- Traditional Chinese: 快拳怪招
- Directed by: Joseph Kong
- Written by: On Szeto
- Starring: Bruce Lai Nick Cheung Lik Dragon Lee Samuel Walls Philip Ko
- Cinematography: Chi Yu
- Edited by: Wing-Chan Leung
- Music by: Chow Fuk-leung
- Distributed by: An Asso Asia Film
- Release date: 1978;
- Running time: 87 minutes
- Country: Hong Kong
- Language: Cantonese

= Enter Three Dragons =

1978 Hong Kong film by Joseph Kong

Enter Three Dragons is 1978 Hong Kong martial art Bruceploitation movie, directed by Joseph Kong and starring Bruce Lai (Chang Yi-tao), Nick Cheung Lik and Philip Ko. Actor Dragon Lee made his Hong Kong film debut in the film.

==Plot==
Sammy is having a trouble with the gangsters after he had lost the diamonds that his boss had ordered to bring. Sammy`s friend Dragon Hong (Chang Yi-tao) and Min Young (Nick Cheung) decides to help Sammy to defeat the gangster boss.

==Cast==
- Dragon Lee as Bruce Hong (Dragon Hong`s brother)
- Bruce Lai as Dragon Hong
- Nick Cheung Lik as Min Young
- Philip Ko as Kao Fei
- Samuel Walls as Sammy
- To Siu-ming as Ah Ming
- San Kuai as Loan Shark for Ah Ming
- Chiang Tao as Sammy`s Boss
- Tiger Yang Seong Oh as Thunderkick
- Fong Yau as Kao Fei`s younger brother
- Lam Hak-ming as George (Sammy`s friend)
- Yeung Chak-lam as Min Young`s teacher
- Chang Chung-yee as Dragon Young (Fake Dragon Hong)
- Shirley Kam as Katy (Min Young`s sister)
- Bolo Yeung as Bolo
- Lee Hoi-sang as Iron Head

==Reception==
According to website Cityonfire "Enter Three Dragons isn't as wacky as "The Clones of Bruce Lee," but there's definitely enough unintentional entertainment that makes it just as fun." and gave the rate 6 out of 10. The movie however gave confusion to people due to the random additional fight scenes and cuts of the film. Screen Mayhem says, Enter Three Dragons might be considered the ugly step-sister of The Clones of Bruce Lee. Once again packed with too many dragons.

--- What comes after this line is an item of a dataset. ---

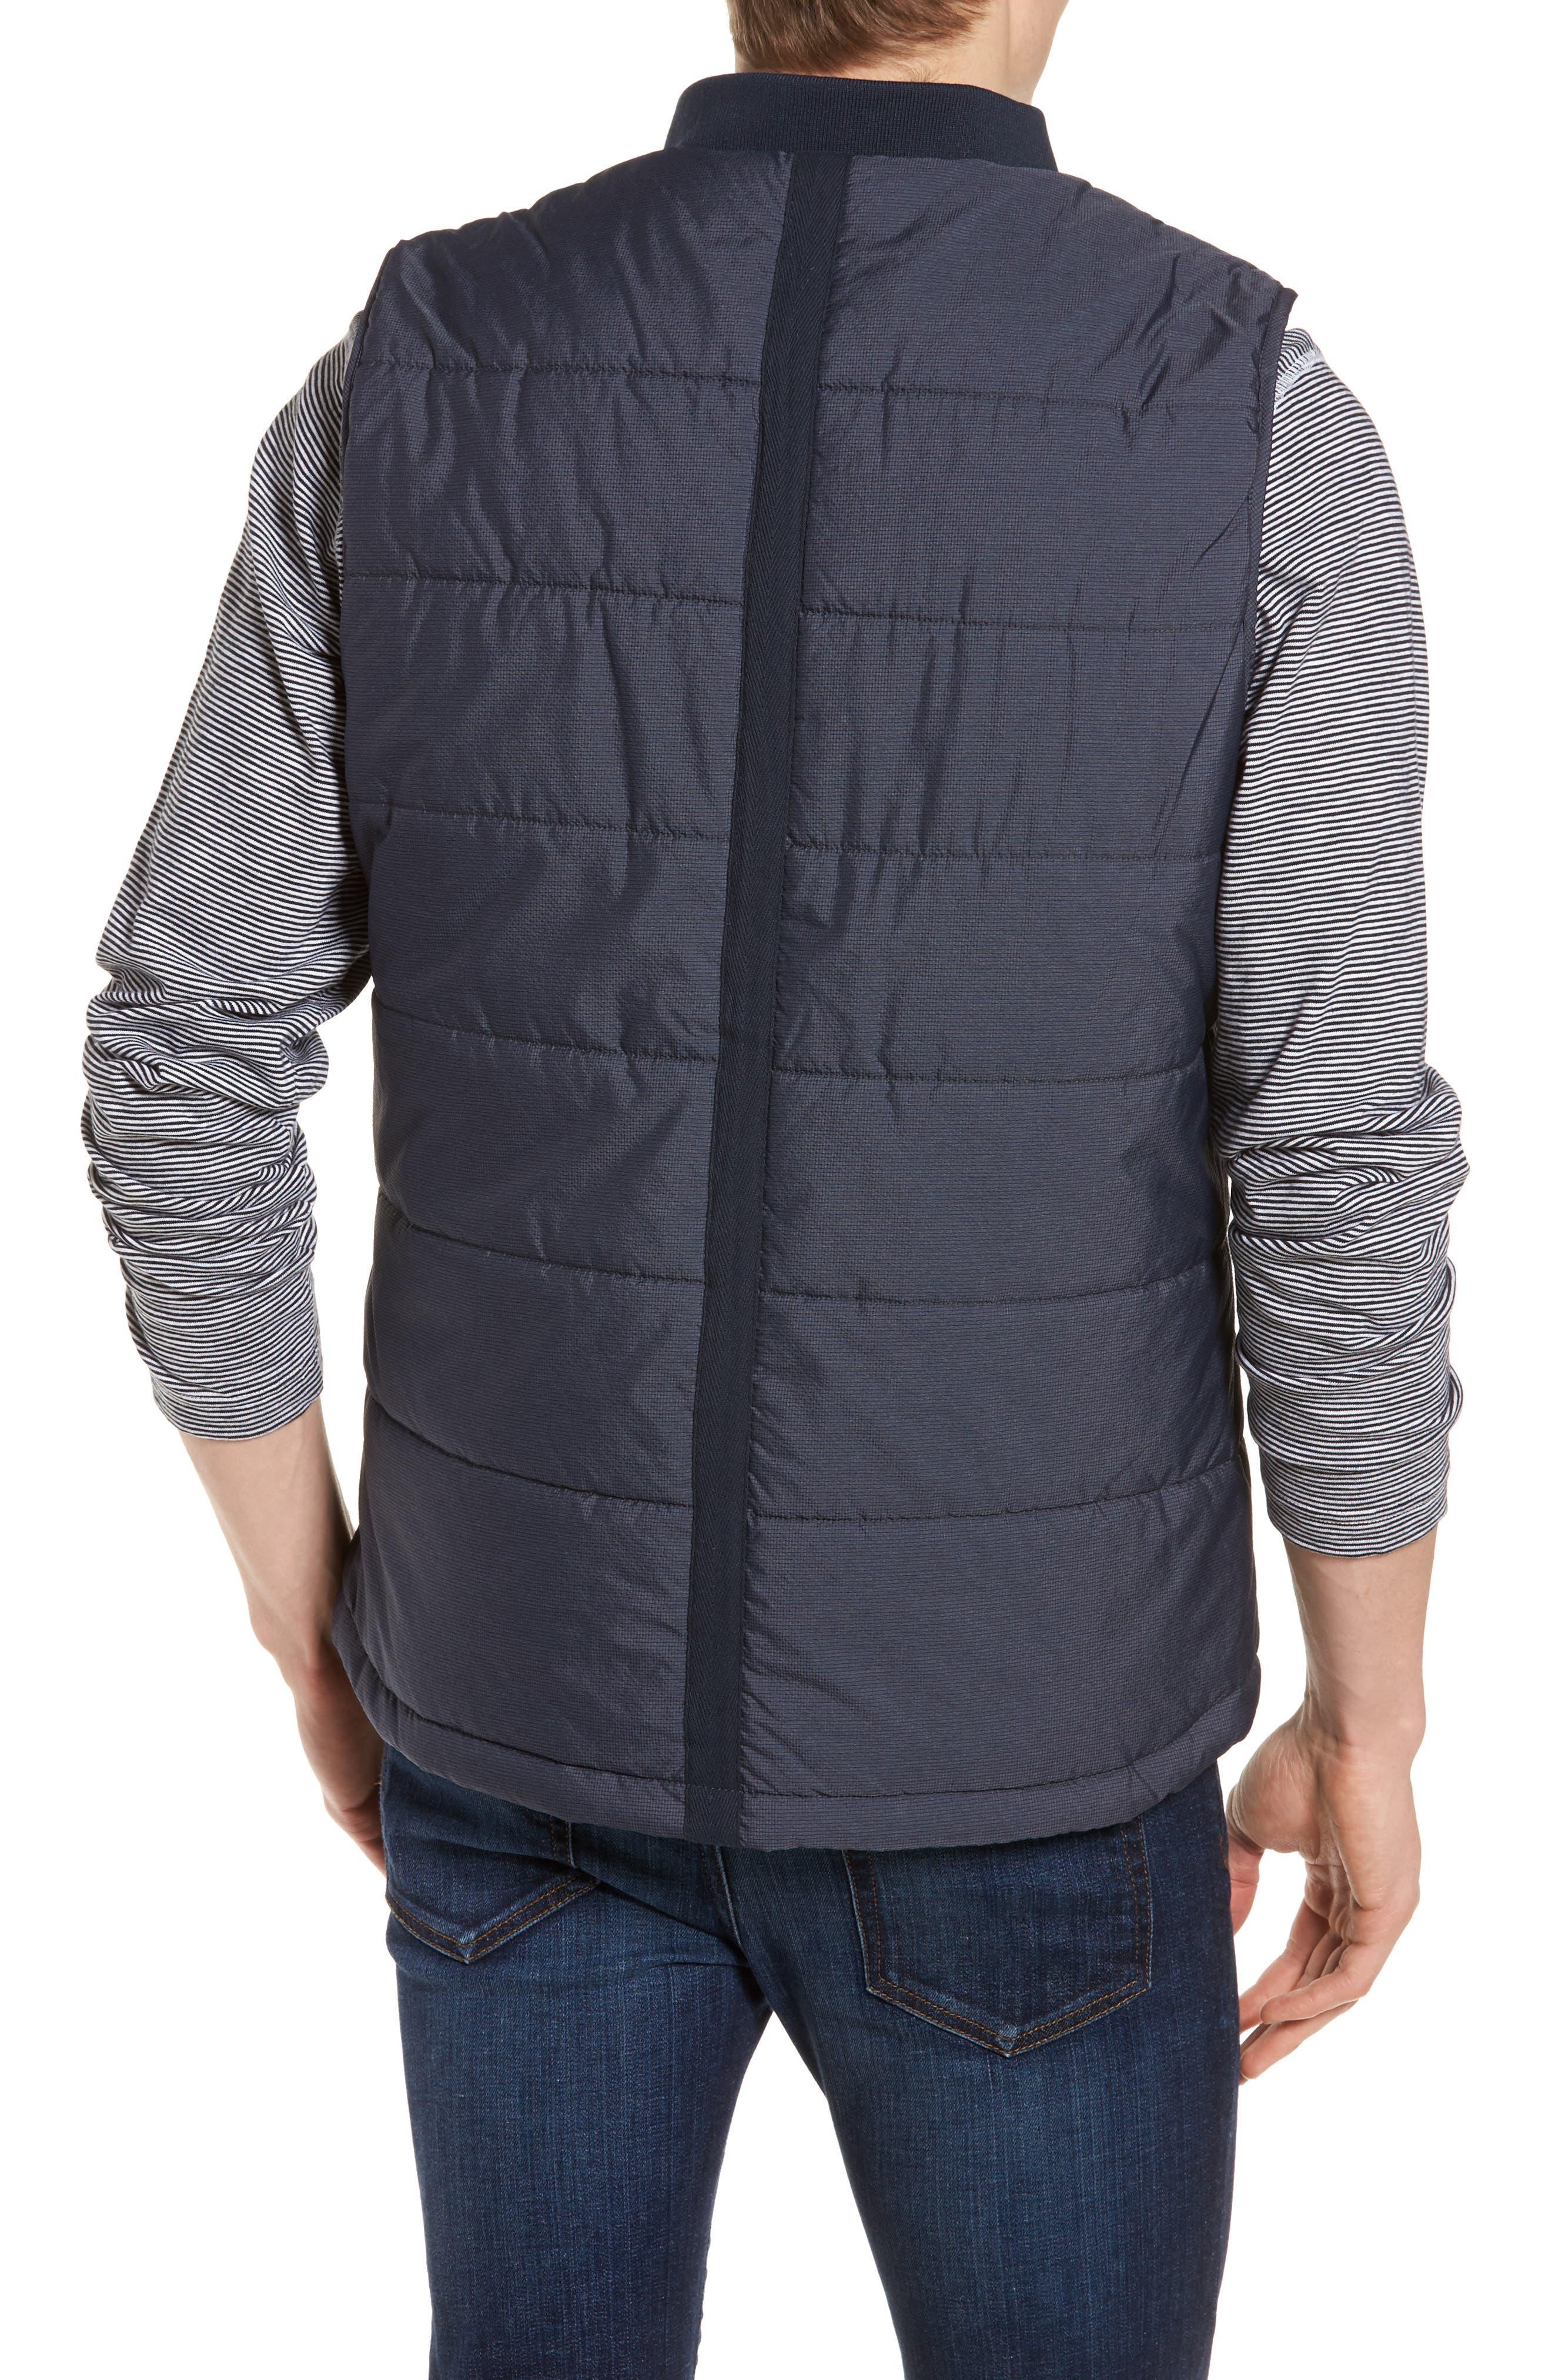 Foley Vest,                             Alternate thumbnail 2, color,                             Navy

==Production and media release==
The movie was released in alternate name which gave some people a confusion with the titles. The Korean release of the movie was released the title after Three Avengers. But the thing that makes even more confuse is the movie was released in U.S after the title called Dragon on Fire which also happens to be an alternate title of The Dragon, the Hero (featuring John Liu and Dragon Lee.) which made people confused with the movie titles between Enter Three Dragons and Dragon on Fire. The U.S production was done Samuel Wall (who appeared as Sammy in the movie) however it was later credited as Joseph Lai and Tomas Tang. Godfrey Ho was co-director of this movie.